____ DATA EXTRACT
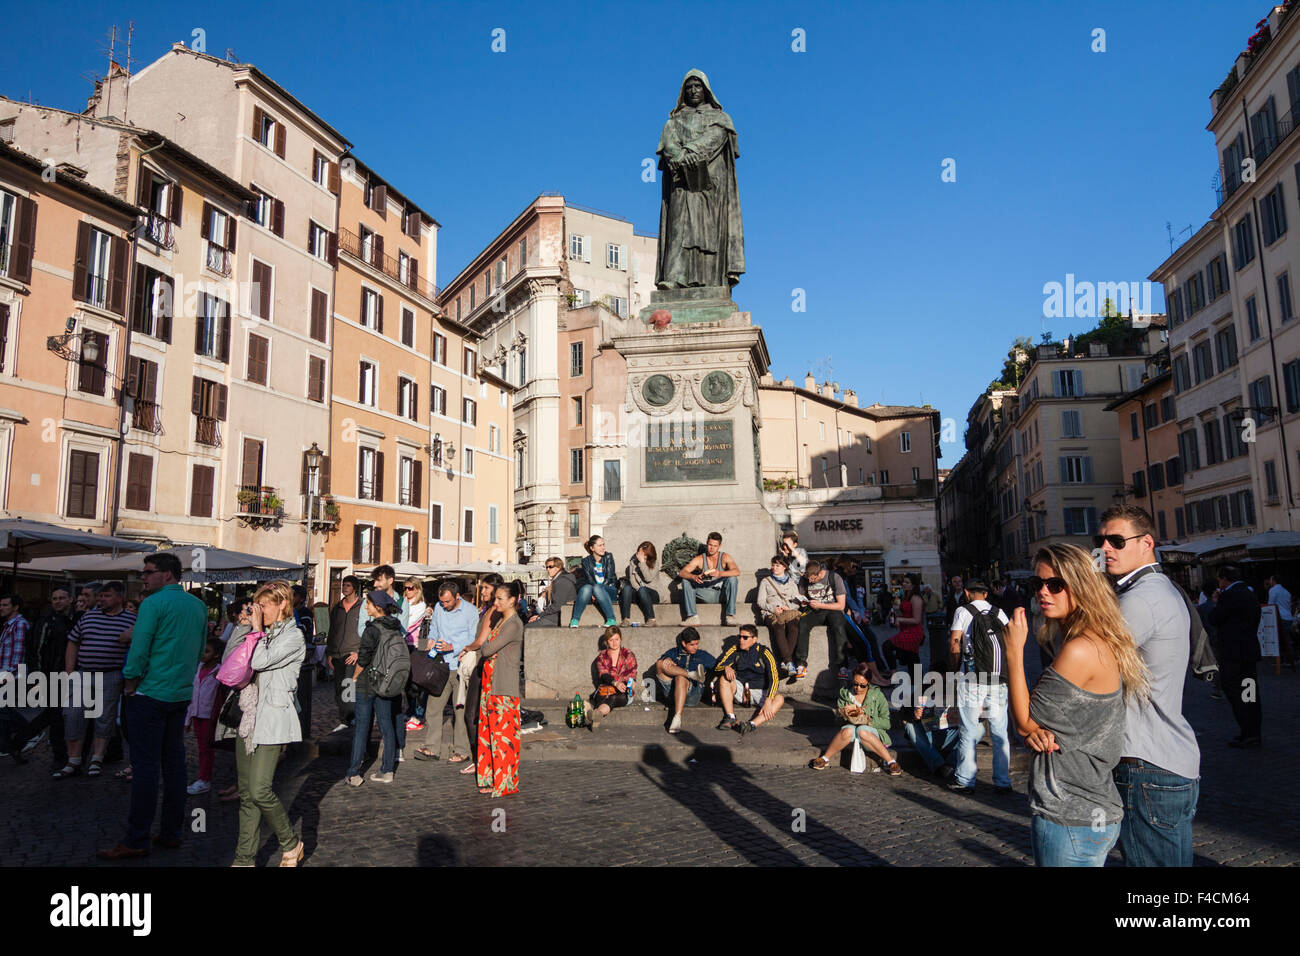 People next to the Giordano Bruno statue at Campo de Fiori square, Rome, Italy - Stock Image
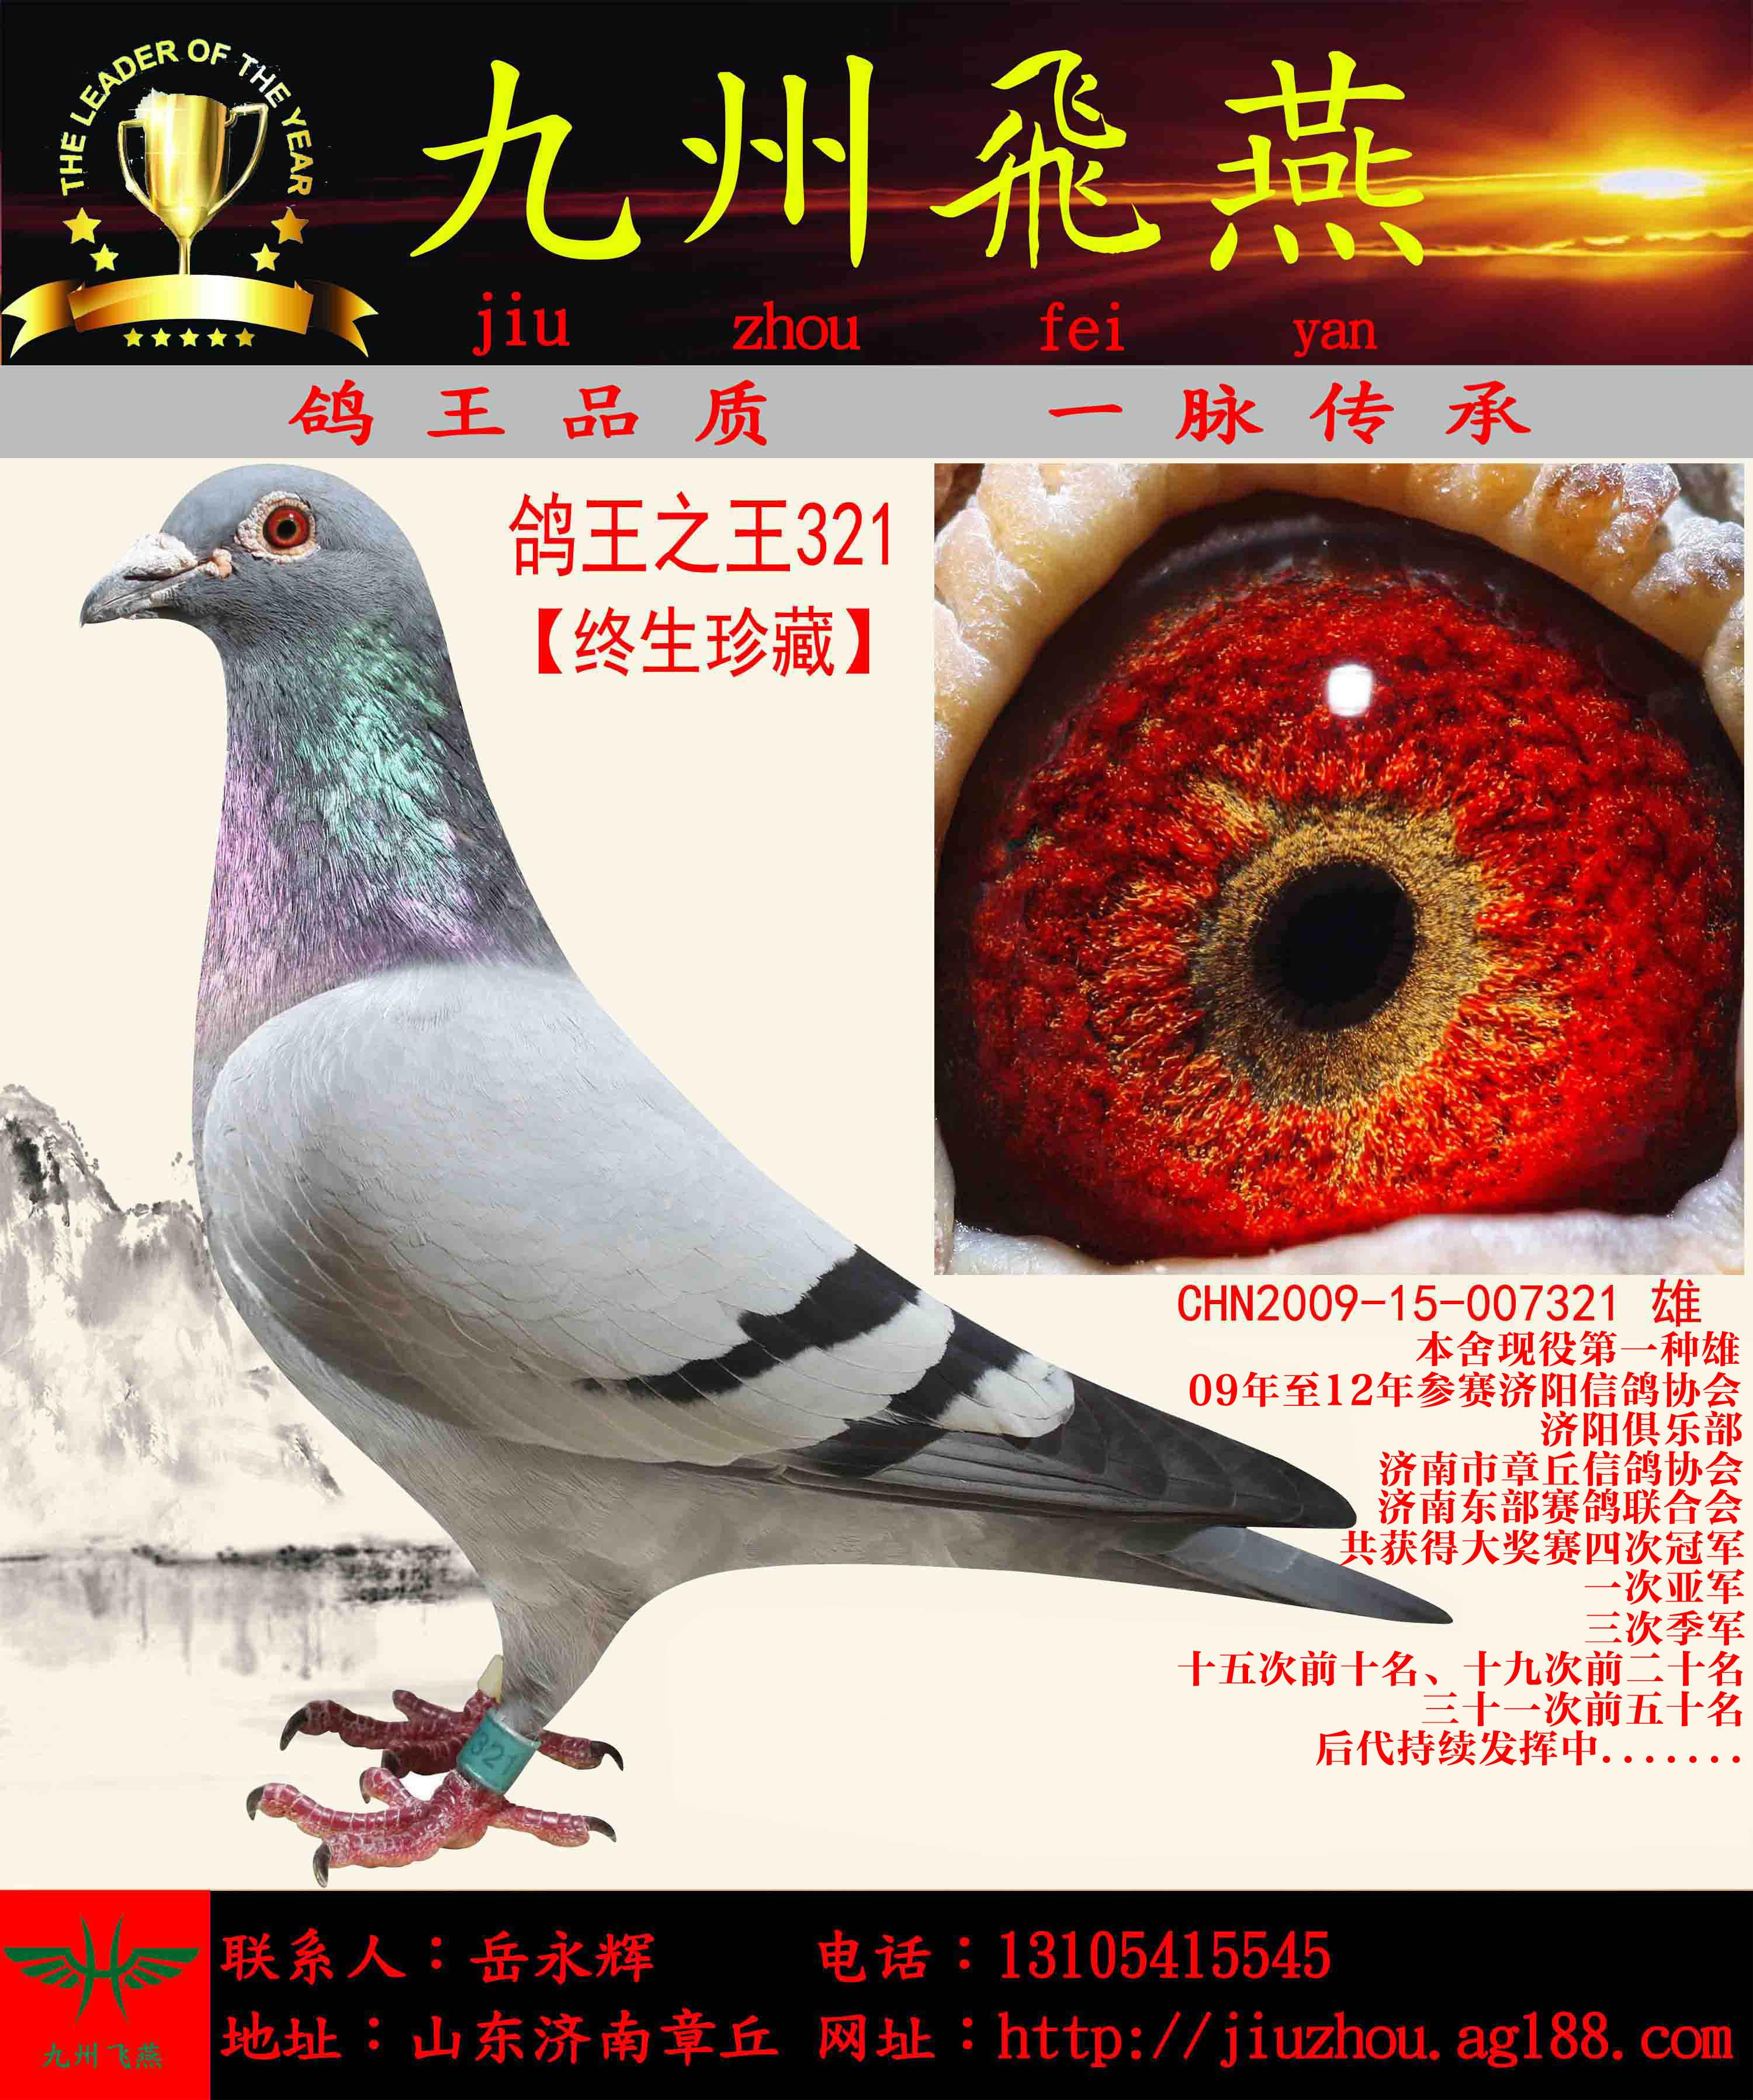 【鸽王之王321】仅供欣赏
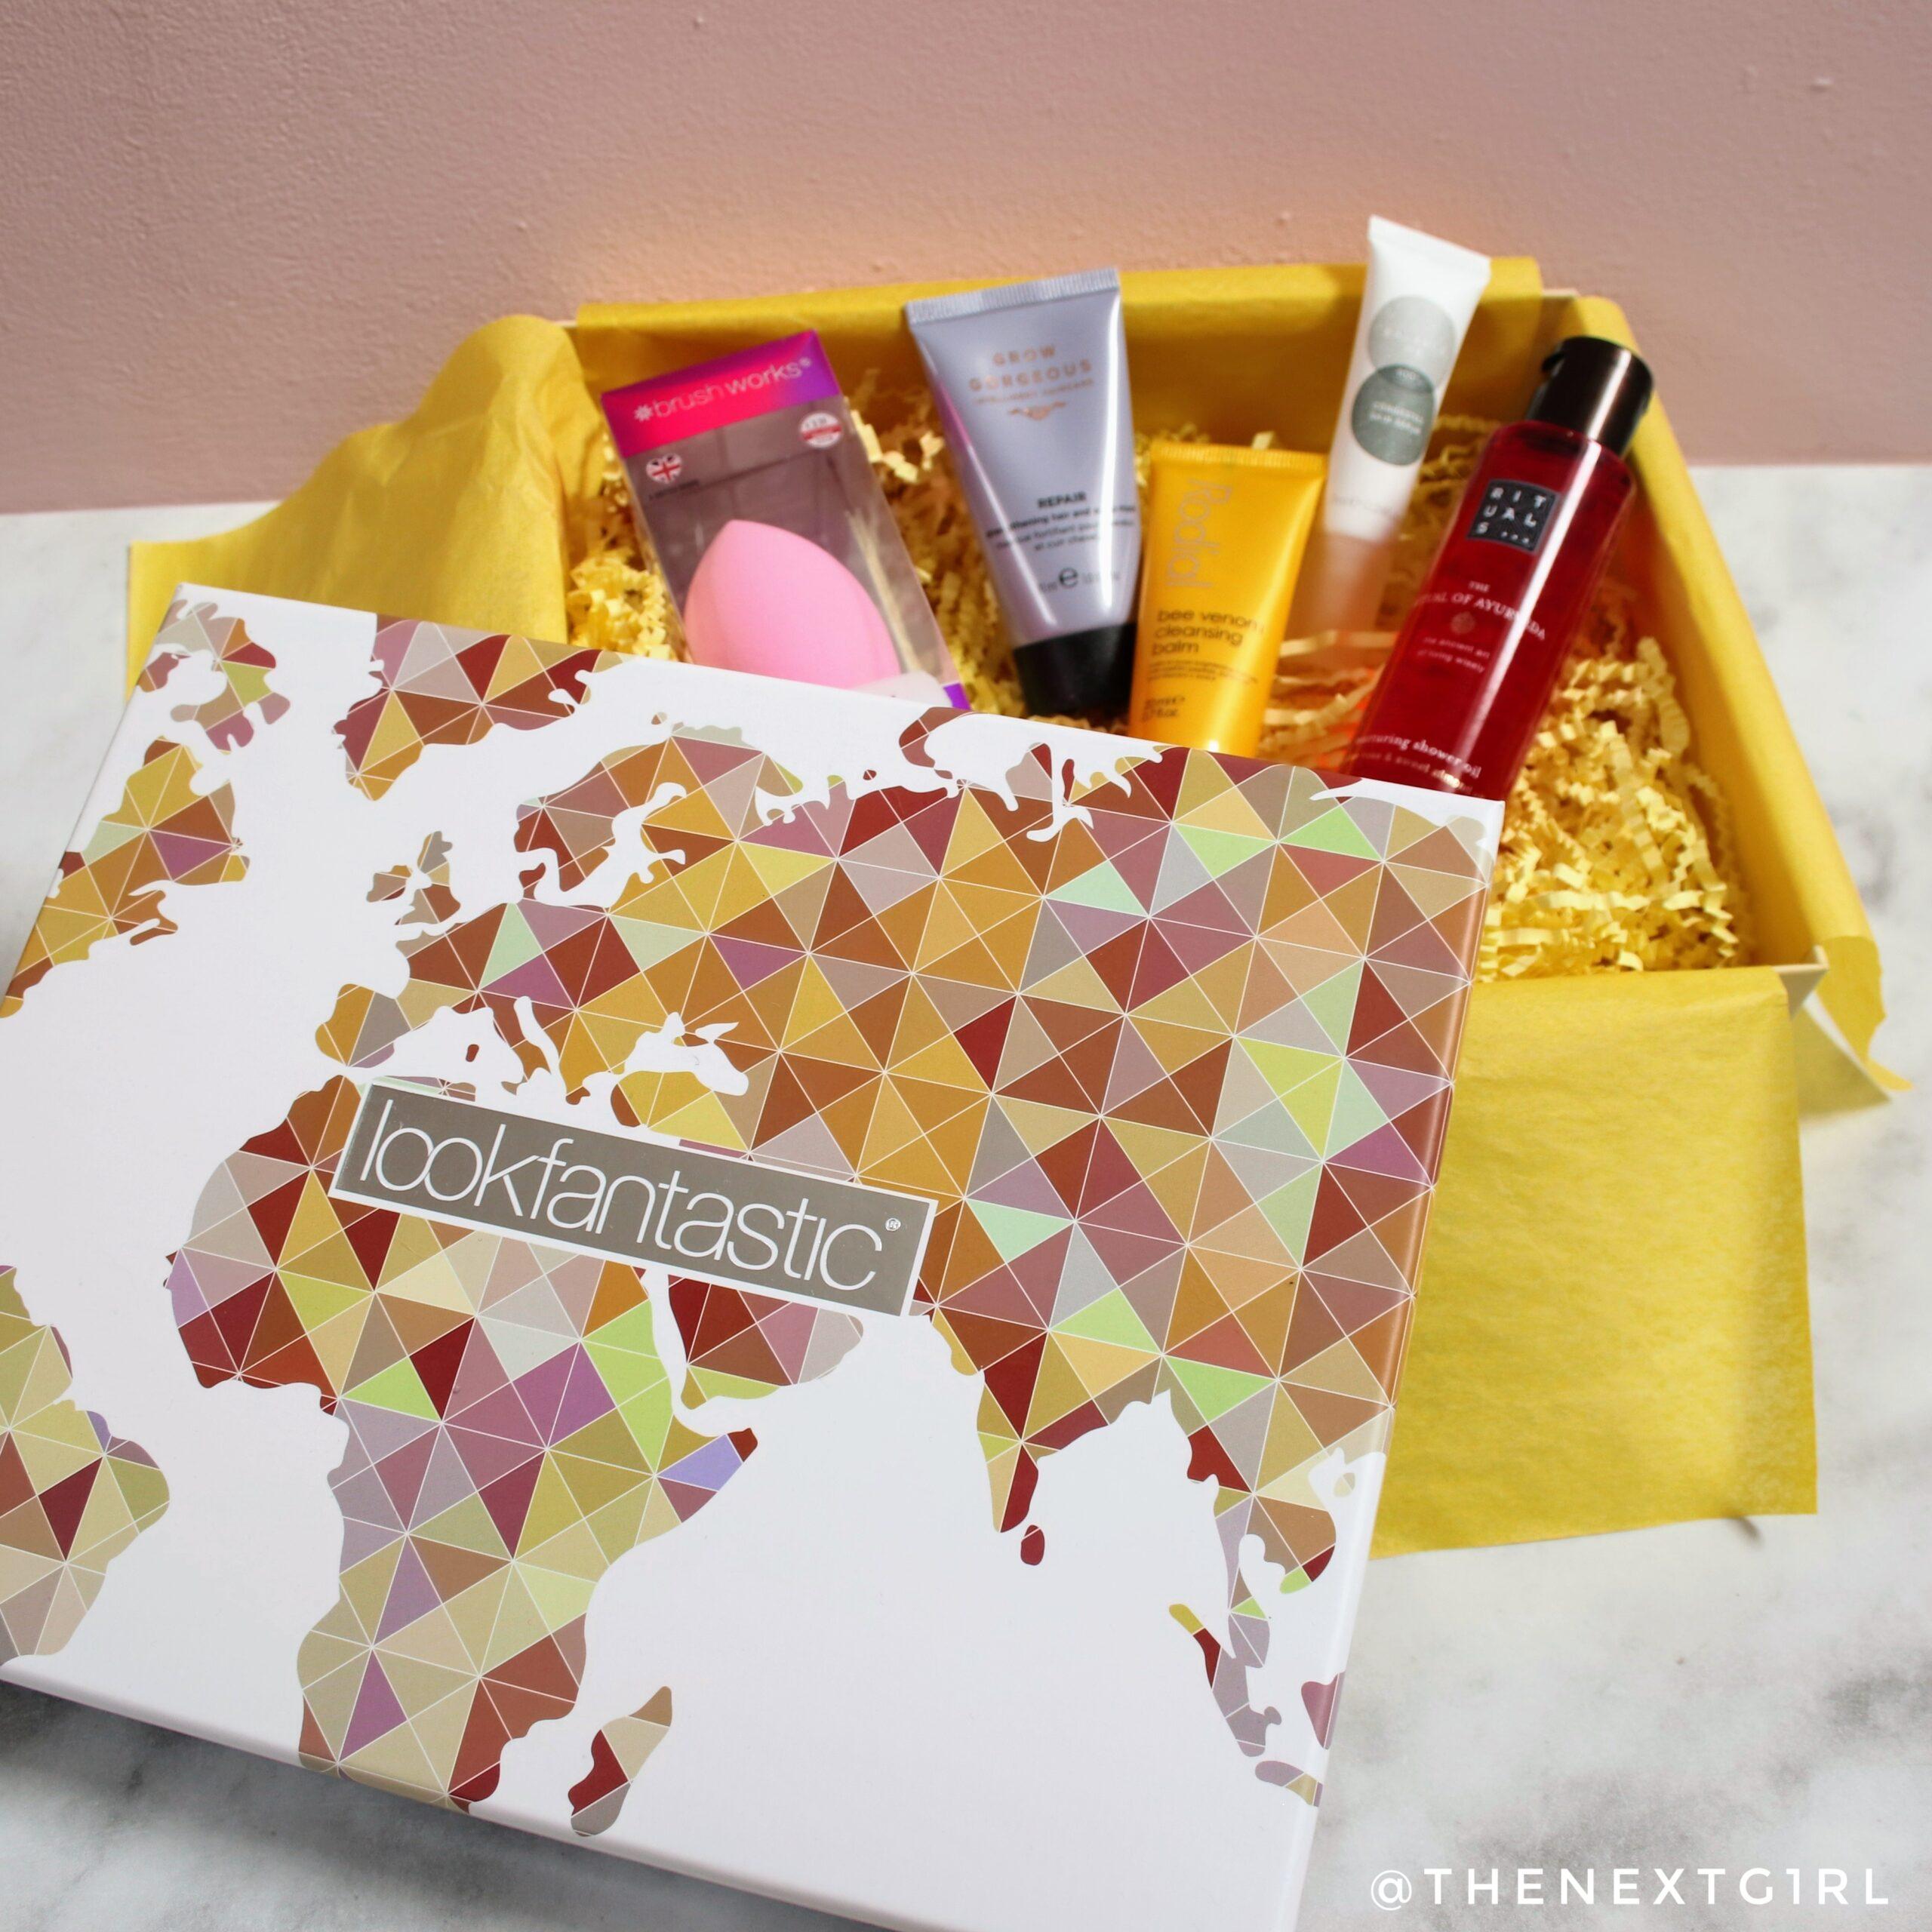 Lookfantastic beautybox 2008 mystery box inhoud
________
TASK DESCRIPTION: Dropping every picture, restate the material word for word.

OUTPUT FOR THIS EXERCISE:
 People next to the Giordano Bruno statue at Campo de Fiori square, Rome, Italy - Stock Image
 【鸽王之王321】仅供欣赏
 Lookfantastic beautybox 2008 mystery box inhoud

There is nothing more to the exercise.